The existing methods for synthesizing the hierarchical pore molecular sieve are mainly divided into a post-treatment method and an in-situ synthesis method. The nanosheet type ZSM-5 molecular sieve synthesized in situ by using the long-carbon-chain quaternary ammonium salt surfactant is the key point for researching the multi-stage pore MFI molecular sieve at present, and an ultrathin framework in the b-axis direction provides an open and interconnected mesoporous structure, so that the two-dimensional molecular sieve has good catalytic stability. However, further research finds that the discontinuous framework of the nano-sheet molecular sieve along the b-axis direction can generate a large amount of Al outside the framework and Si-OH outside the framework, so that deep reaction of products is caused, and the catalytic performance is influenced.
The excellent diffusion performance of the nano-sheet molecular sieve is maintained, and the improvement of the micropore proportion and the adjustment of the acid distribution on the outer surface are of great importance for improving the catalytic performance of the nano-sheet molecular sieve.
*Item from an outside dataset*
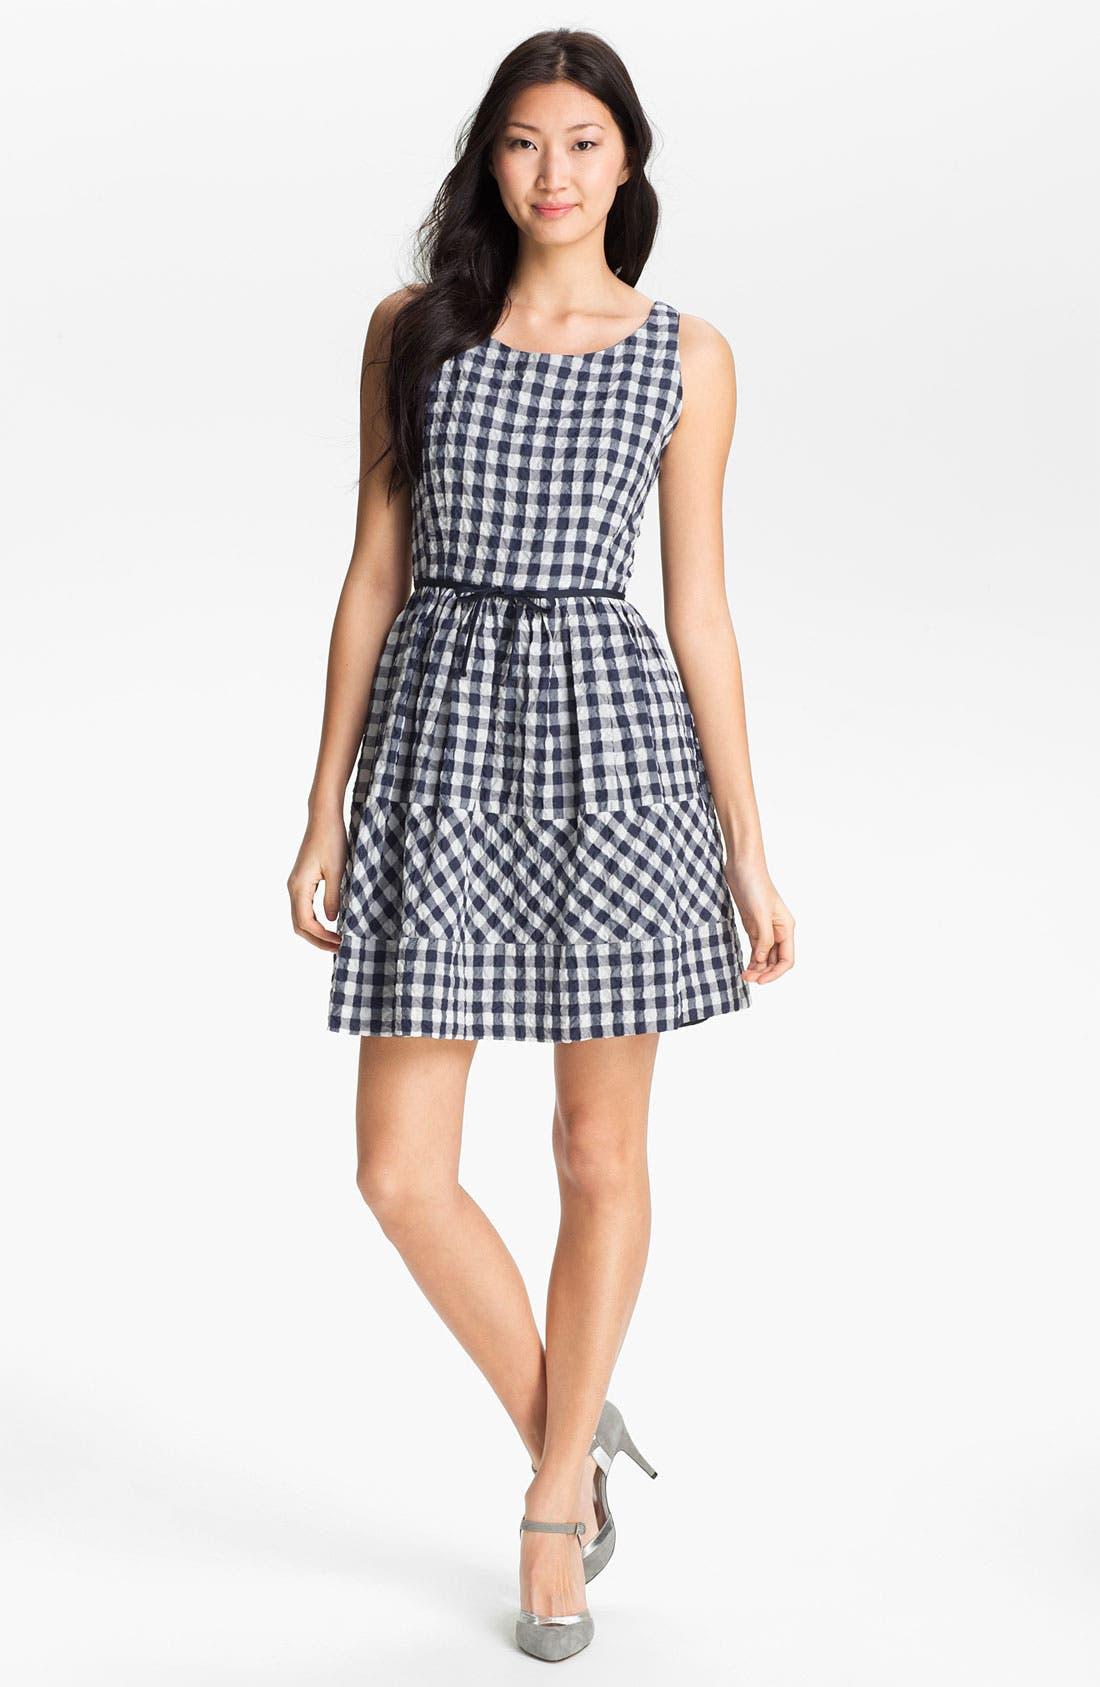 Main Image - Taylor Dresses Gingham Fit & Flare Dress

The double-template method is used for synthesizing the hybrid molecular sieve with the nanosheet layer epitaxially grown outside the block-shaped molecular sieve, a micropore network serving as a mechanical support is added, and the micropore proportion is improved. Meanwhile, the introduction of the microporous substrate can also adjust the distribution of the acidic sites of the molecular sieve, reduce the Al content of the outer framework and improve the catalytic efficiency. However, the presence of aluminum can hinder the growth of the nanoplatelets. At present, a double-template method can only synthesize a ZSM-5 heterozygous nanosheet molecular sieve with the silicon-aluminum ratio higher than 300, and the application of the molecular sieve in acid catalytic reaction is greatly limited.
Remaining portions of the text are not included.